Onthewayout i'm posted to a JPSU and I defiently understand your fears of losing your job and the stress it creates. I'm not sure about how to go about getting yourself posted to a JPSU but i'd think if you have a P-Cat talk to your career manager and get them to push for a posting there. If your feeling the stress feel free to send me a message.


----------



## Onthewayout

Teager said:
			
		

> Onthewayout i'm posted to a JPSU and I defiently understand your fears of losing your job and the stress it creates. I'm not sure about how to go about getting yourself posted to a JPSU but i'd think if you have a P-Cat talk to your career manager and get them to push for a posting there. If your feeling the stress feel free to send me a message.



Much appreciated!


----------



## Onthewayout

Called my CDU this mornign to get an official answer to give my boss, and like mentionned, clerica work pretty much means do nothing but sit at a desk (or in the canteen in my case ><) all day...thx for the help!


----------



## medicineman

Onthewayout said:
			
		

> This is what I've been trying to go for for almost a year now...unfortunatly it's up to the unit's discretion and my unit is very rpetty disrcet about it since everytime i ask about it no one in my immediate COC have an answer for me...This is all getting very frustrating... I didn't ask to get hurt, i got a wife and kids and the prospect of loosing my job is stressful enough without having to put up with that "lets givehim a hard time since he's almost done" kind of attitude....
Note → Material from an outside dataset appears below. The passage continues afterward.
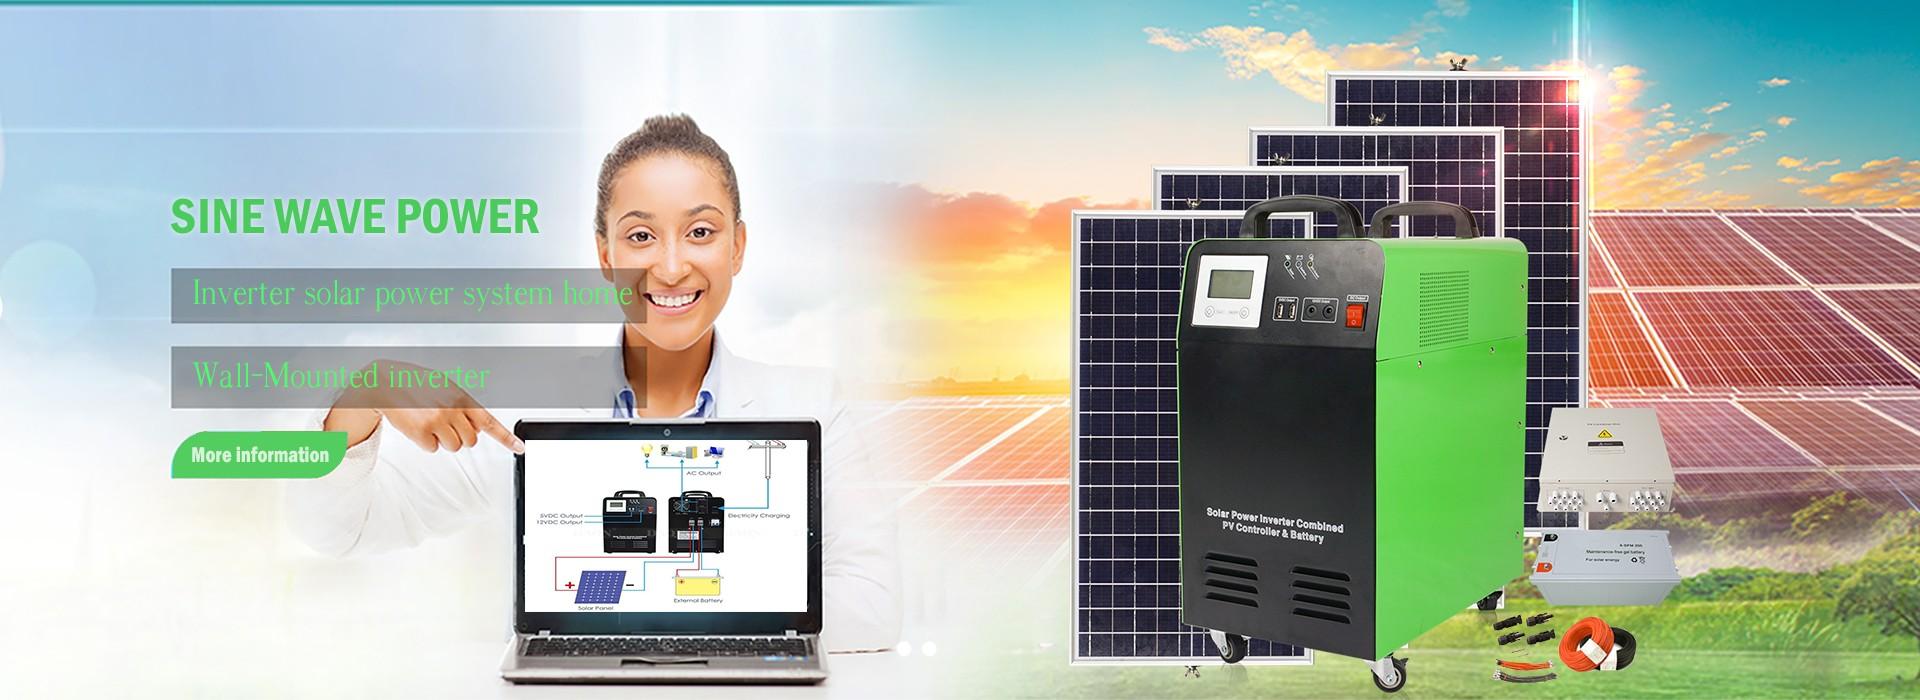 نظام الطاقة الشمسية المتكاملة

OTWO - I was referring to people that have the unfit military/operational environment when I said that...alot of folks that are JPSU posted with clerical only have a uniformed job doing some sort of clerical work with another unit on base or with the JPSU themselves.  Didn't mean to confuse the issue.

MM


----------



## Staff Weenie

OTWO - I am a staff Officer at the DCSM/JPSU HQ in Ottawa.  I would suggest that you go to the nearest IPSC and ask to discuss the procedures for a posting to the IPSC with them.  The usual tipping point for a transfer to the IPSC is when a 6 month TCat with restrictive MELs is assigned.  Usually it's done after the assigning of the second TCat, but it can be done on the first one if the MELs are very restrictive, and the member cannot be safely employed in their unit.  

As you are on a PCat with MELs of 'clerical duty' you should really visit the nearest IPSC, and discuss the issue of a posting.  Always keep your chain of command in the loop as well. 
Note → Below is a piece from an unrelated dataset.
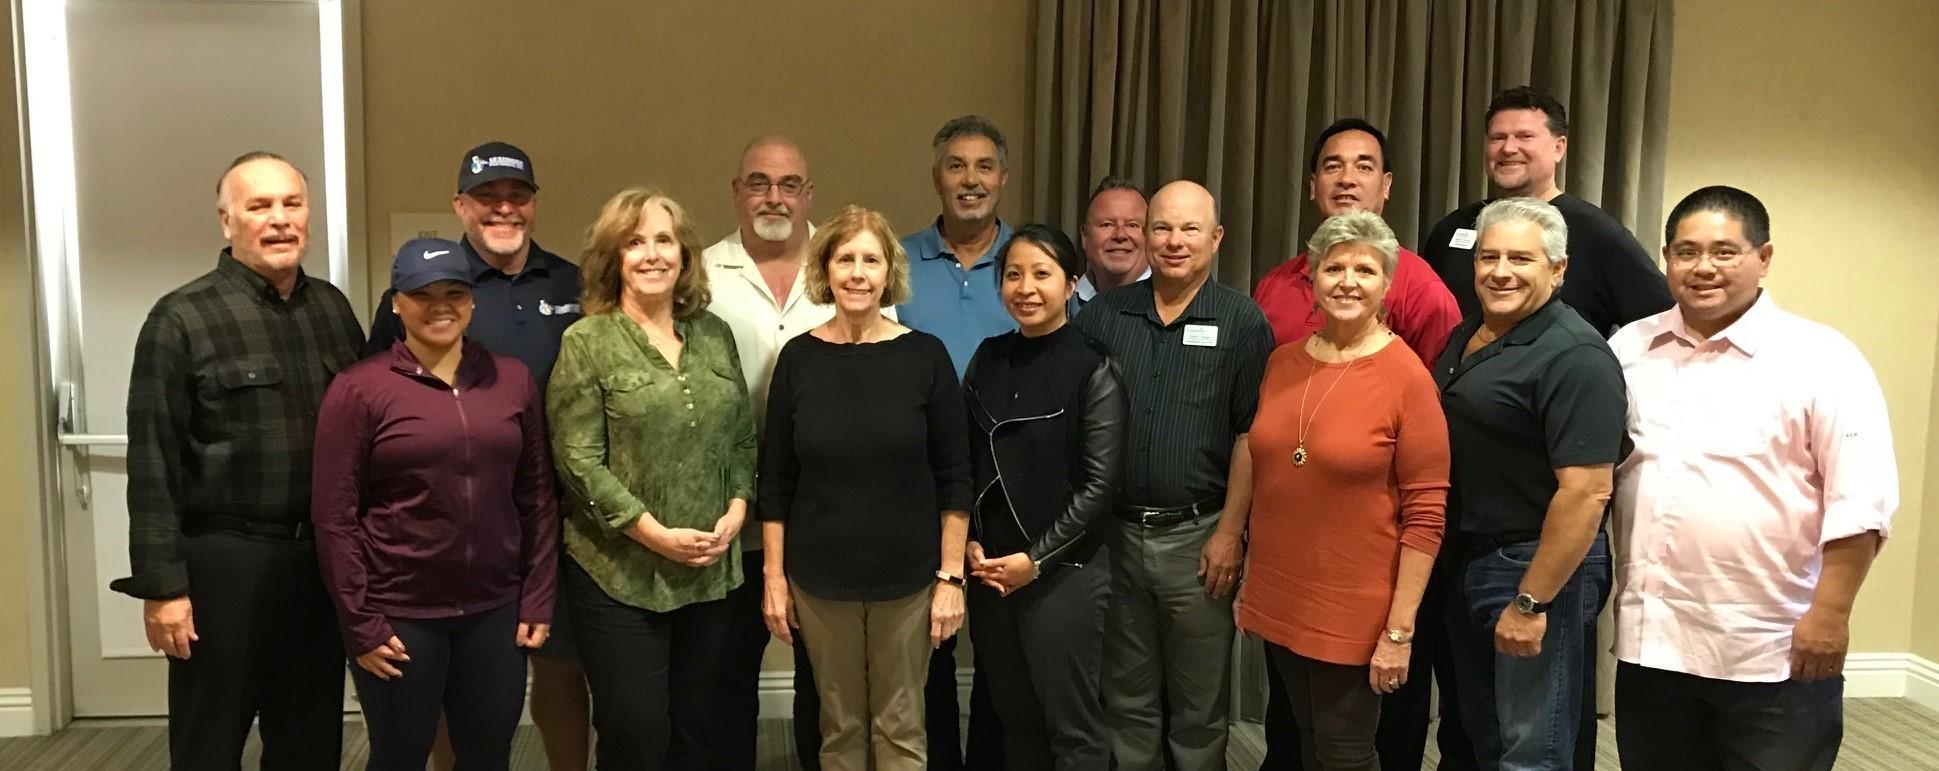 crop-board-member-group-picture.jpg

I know that you probably have a million questions, and more stress than anyone needs at the moment, but help is out there at the IPSC.  And, you can always contact me any time at paul.barnshaw@forces.gc.ca - I'll do whatever I can to get you an answer.


----------



## ArmyGuy99

OTWO,

There are several ways to get posted to JPSU/IPSC.
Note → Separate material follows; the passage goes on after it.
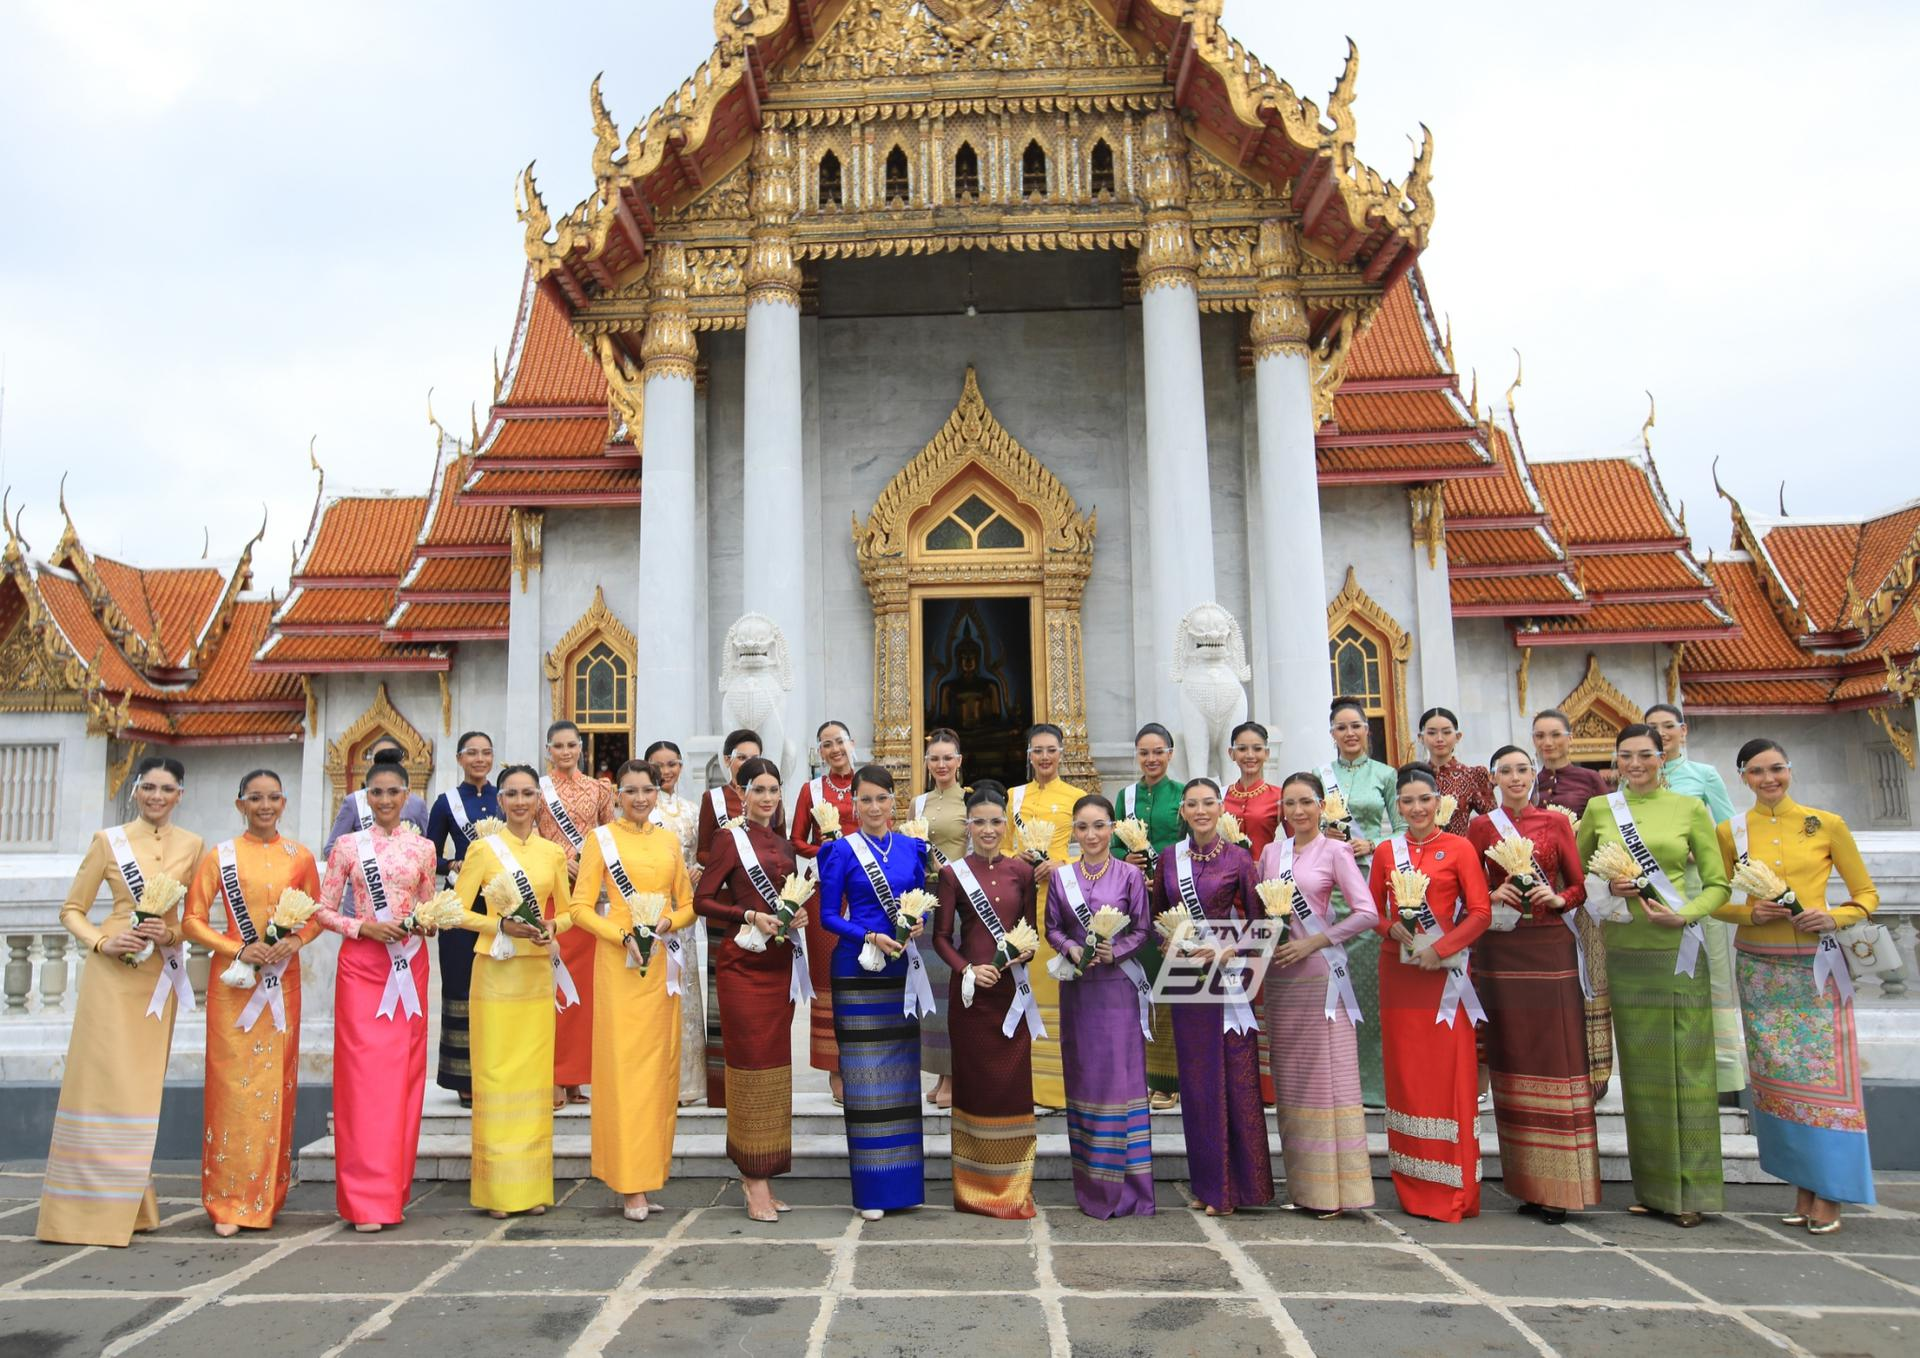 30 สาวงาม Miss Universe Thailand 2021 ตักบาตรเสริมสิริมงคล ณ วัดเบญจมบพิตร

A little known way is to write a memo requesting it.  I did.  No problems.  Write the memo, fill out the form and send it up.  I was posted out a few weeks later.  Mind you I had the support of my CoC.  

Staff Weenie is correct though, your first stop should be to pop into your local IPSC det or at least call them.  They are a great and fantastic resource.

I'm out now, but I'm willing to help out if I can.  PM me and I'll help you anyway I can.  I'm out of town this week so I don't have access to my files, directly but It's still fresh (like 45 days ago I was a Cpl).


----------



## DAA

Feel free to correct me if I am wrong.  But should a posting to JPSU/IPSC only be considered in cases where a member is assigned "restrictive" MEL's and where it is not possible to advantageously or gainfully employ them within unit lines and the unit needs to free up the position to have a replacement posted in.

I know of an instance where an RMS Clk was assigned a PCAT which breaches UoS and had the restriction "Clerical duties only as tolerated".  The member was happy in their job and the unit was able to employ them, so a posting to JPSU/IPSC was not even considered nor requested by the member.  Nevertheless, it's all about the CF member and if they are NOT comfortable with the duties they are assigned and if they would "prefer" to move over to the JPSU/IPSC, then their request should be considered.

The bad thing about the wording on PCATs is that they are very "generic" in nature and subject to "creative interpretation" at unit level.  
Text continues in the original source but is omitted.